--- WHAT TO PRODUCE ---
In the records below, find the line containing "Schönes Kunstwerk des" and retype it and every line after it exactly, adding nothing.

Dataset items
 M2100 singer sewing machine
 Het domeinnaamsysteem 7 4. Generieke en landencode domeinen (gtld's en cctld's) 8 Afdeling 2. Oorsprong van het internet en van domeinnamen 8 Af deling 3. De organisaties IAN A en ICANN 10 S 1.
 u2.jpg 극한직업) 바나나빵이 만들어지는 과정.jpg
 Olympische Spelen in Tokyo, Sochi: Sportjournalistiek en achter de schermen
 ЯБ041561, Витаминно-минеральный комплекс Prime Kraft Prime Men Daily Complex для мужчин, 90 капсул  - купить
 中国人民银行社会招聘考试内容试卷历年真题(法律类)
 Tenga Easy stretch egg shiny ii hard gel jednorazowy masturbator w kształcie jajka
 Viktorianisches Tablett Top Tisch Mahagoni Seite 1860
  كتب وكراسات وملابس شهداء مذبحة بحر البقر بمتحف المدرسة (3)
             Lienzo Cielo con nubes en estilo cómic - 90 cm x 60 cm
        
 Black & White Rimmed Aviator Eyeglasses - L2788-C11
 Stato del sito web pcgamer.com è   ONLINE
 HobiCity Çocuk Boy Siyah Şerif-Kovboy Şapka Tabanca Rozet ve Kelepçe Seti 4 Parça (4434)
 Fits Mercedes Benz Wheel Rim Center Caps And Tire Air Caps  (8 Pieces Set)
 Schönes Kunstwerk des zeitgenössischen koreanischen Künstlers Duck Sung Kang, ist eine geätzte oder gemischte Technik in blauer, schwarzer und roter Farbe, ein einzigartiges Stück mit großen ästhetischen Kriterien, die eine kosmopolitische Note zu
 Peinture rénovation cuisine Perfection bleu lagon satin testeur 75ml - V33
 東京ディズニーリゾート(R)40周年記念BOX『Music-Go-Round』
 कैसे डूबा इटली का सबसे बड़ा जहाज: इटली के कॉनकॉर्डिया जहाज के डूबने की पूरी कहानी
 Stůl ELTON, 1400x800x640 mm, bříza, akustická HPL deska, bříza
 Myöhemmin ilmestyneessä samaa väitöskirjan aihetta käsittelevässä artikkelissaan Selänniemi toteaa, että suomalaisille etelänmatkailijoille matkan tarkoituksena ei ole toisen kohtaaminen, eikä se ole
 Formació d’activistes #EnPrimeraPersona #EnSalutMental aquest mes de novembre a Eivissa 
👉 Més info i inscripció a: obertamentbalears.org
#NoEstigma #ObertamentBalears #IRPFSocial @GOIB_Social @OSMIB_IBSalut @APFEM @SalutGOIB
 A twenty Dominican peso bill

--- WRITTEN REPLY ---
 Schönes Kunstwerk des zeitgenössischen koreanischen Künstlers Duck Sung Kang, ist eine geätzte oder gemischte Technik in blauer, schwarzer und roter Farbe, ein einzigartiges Stück mit großen ästhetischen Kriterien, die eine kosmopolitische Note zu
 Peinture rénovation cuisine Perfection bleu lagon satin testeur 75ml - V33
 東京ディズニーリゾート(R)40周年記念BOX『Music-Go-Round』
 कैसे डूबा इटली का सबसे बड़ा जहाज: इटली के कॉनकॉर्डिया जहाज के डूबने की पूरी कहानी
 Stůl ELTON, 1400x800x640 mm, bříza, akustická HPL deska, bříza
 Myöhemmin ilmestyneessä samaa väitöskirjan aihetta käsittelevässä artikkelissaan Selänniemi toteaa, että suomalaisille etelänmatkailijoille matkan tarkoituksena ei ole toisen kohtaaminen, eikä se ole
 Formació d’activistes #EnPrimeraPersona #EnSalutMental aquest mes de novembre a Eivissa 
👉 Més info i inscripció a: obertamentbalears.org
#NoEstigma #ObertamentBalears #IRPFSocial @GOIB_Social @OSMIB_IBSalut @APFEM @SalutGOIB
 A twenty Dominican peso bill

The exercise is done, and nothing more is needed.